После смерти отца О-Сэн с дедом Гэнроку переехали в другой район. Теперь они жили далеко от Сугиты, и О-Тё посещала их значительно реже, однако плотники из мастерской по-прежнему точили свои инструменты у Гэнроку.
— Где это видано, чтобы плотник обращался к чужому человеку, сам должен содержать в порядке свой инструмент, — ворчливо встречал их дед, но заказы всегда выполнял исправно.
Он не упускал случая, чтобы напомнить плотникам о рабочей гордости, вспоминал, какими были ремесленники в старину. Это доставляло старику удовольствие, да и плотники с интересом слушали его рассказы. Он говорил о превратностях судьбы, о том, как старые мастера, не пасуя перед трудностями, честно выполняли работу, об их простоте, энтузиазме и преданности делу. Своими рассказами он призывал следовать примеру тех мастеров. Прислушивались к его советам и Кота с Сёкити.
Хотя Кота по-прежнему грубил в мастерской старшим, однако он стал отличным мастером, ни в чем не уступая опытным плотникам. Бывая в театре, он не забывал приобрести для О-Сэн нарядные шпильки, полотенца с фамильными гербами знаменитых актеров или на худой конец сменные воротнички для нижнего женского кимоно.

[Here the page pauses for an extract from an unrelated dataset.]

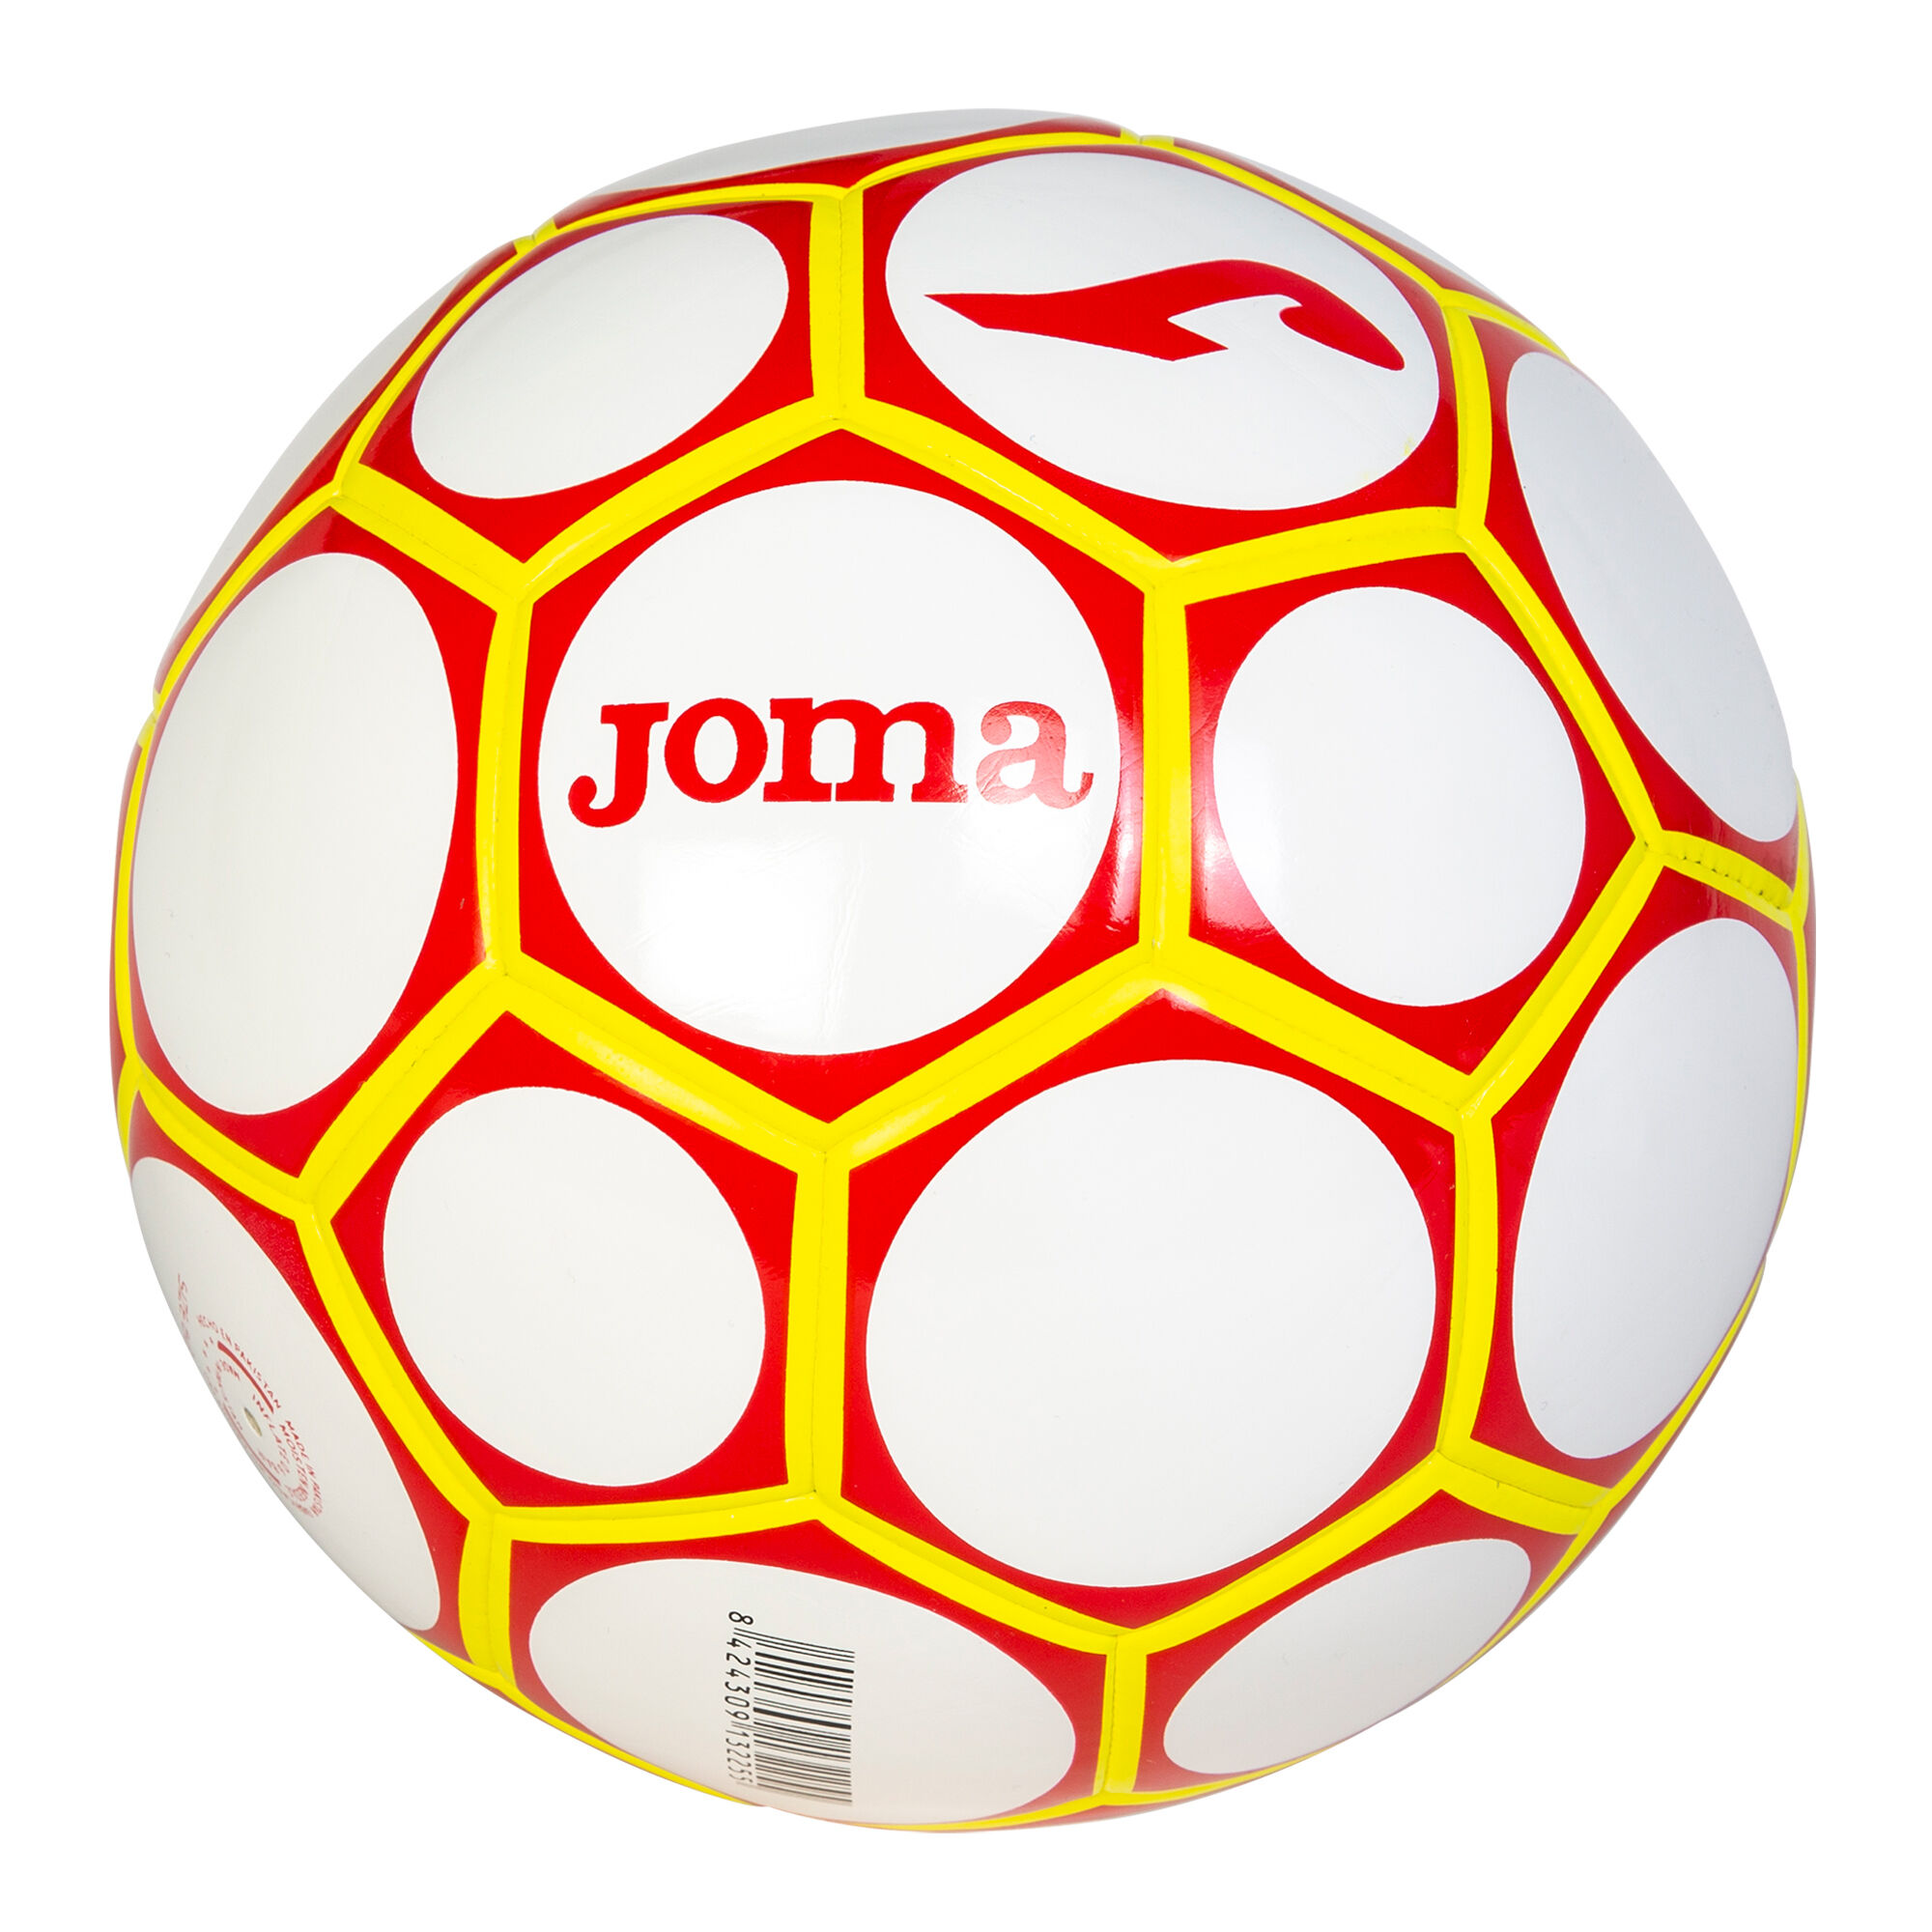 Tallas y medidas de los balones oficiales de futbol y futbol sala en España  – TEAM CO EQUIPACIONES DEPORTIVAS S.L.

Но умению преподносить подарок он так и не научился. «На, возьми», — говорил он О-Сэн и, отвернувшись, протягивал очередное подношение. Впрочем, такое поведение Коты нисколько не обижало О-Сэн, и она предпочитала обращаться с разными просьбами именно к Коте, а не к Сёкити...

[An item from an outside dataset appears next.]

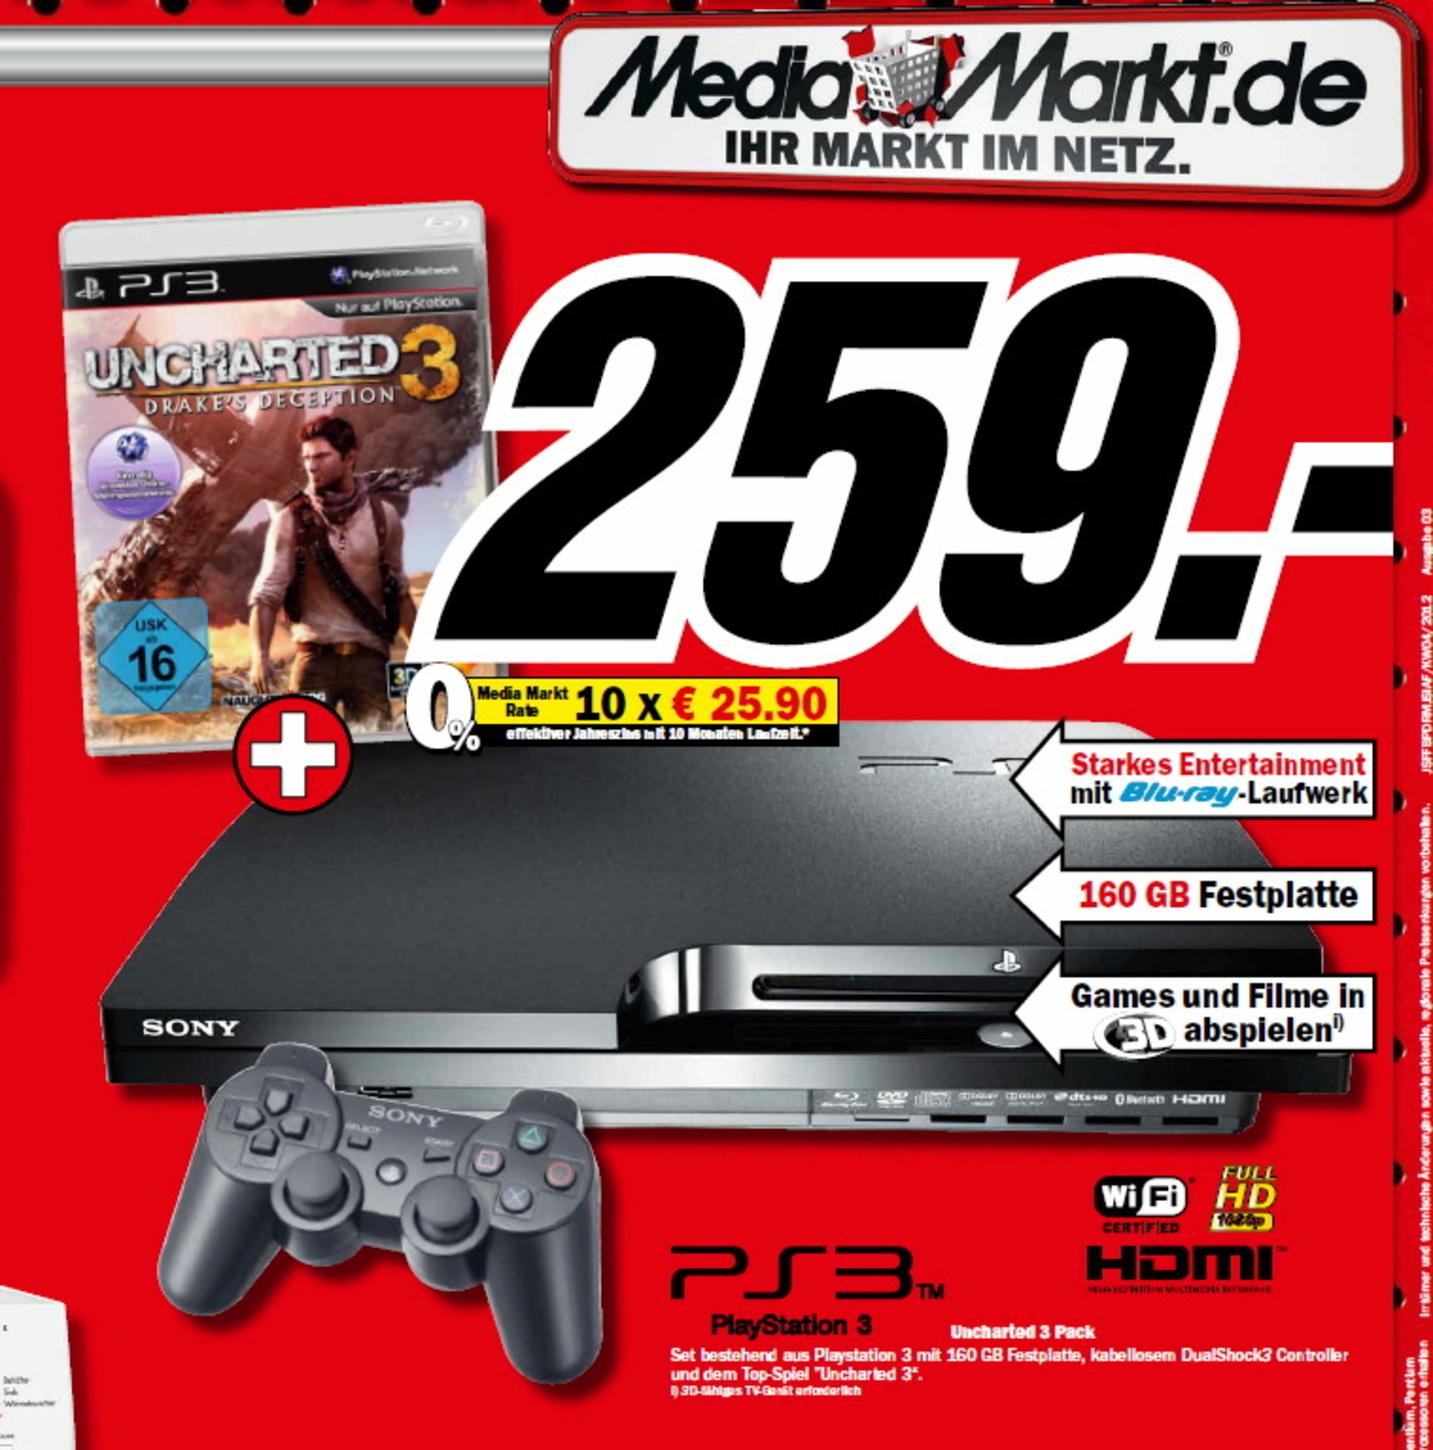 PS3 feiert bei Media Markt Onlinedebüt

Минувшей зимой Сугита официально объявил Коту своим приемным сыном. По этому случаю он устроил роскошный банкет, на который пригласили также Гэнроку и О-Сэн. Во время церемонии Кота вел себя смирно и даже покраснел от смущения, когда Сугита обменялся с ним чашечками сакэ, потом, выпив лишнего, стал, как обычно, грубить, сидел за столом развалившись, безо всякого стеснения хватал то одно, то другое блюдо, и Сугите то и дело приходилось его одергивать. Наблюдая за Котой, О-Сэн потихоньку хихикала. Ему уже исполнилось девятнадцать, а он по-прежнему вел себя как озорной мальчишка. Она заметила, что Сёкити, обслуживавший гостей, был необычайно бледен и чем-то удручен, но тогда не придала этому особого значения. Лишь позднее, узнав о ссоре между Сёкити и Котой, поводом для которой послужило решение Сугиты избрать Коту приемным сыном, она поняла, почему Сёкити был таким угрюмым во время банкета, и от всего сердца посочувствовала ему.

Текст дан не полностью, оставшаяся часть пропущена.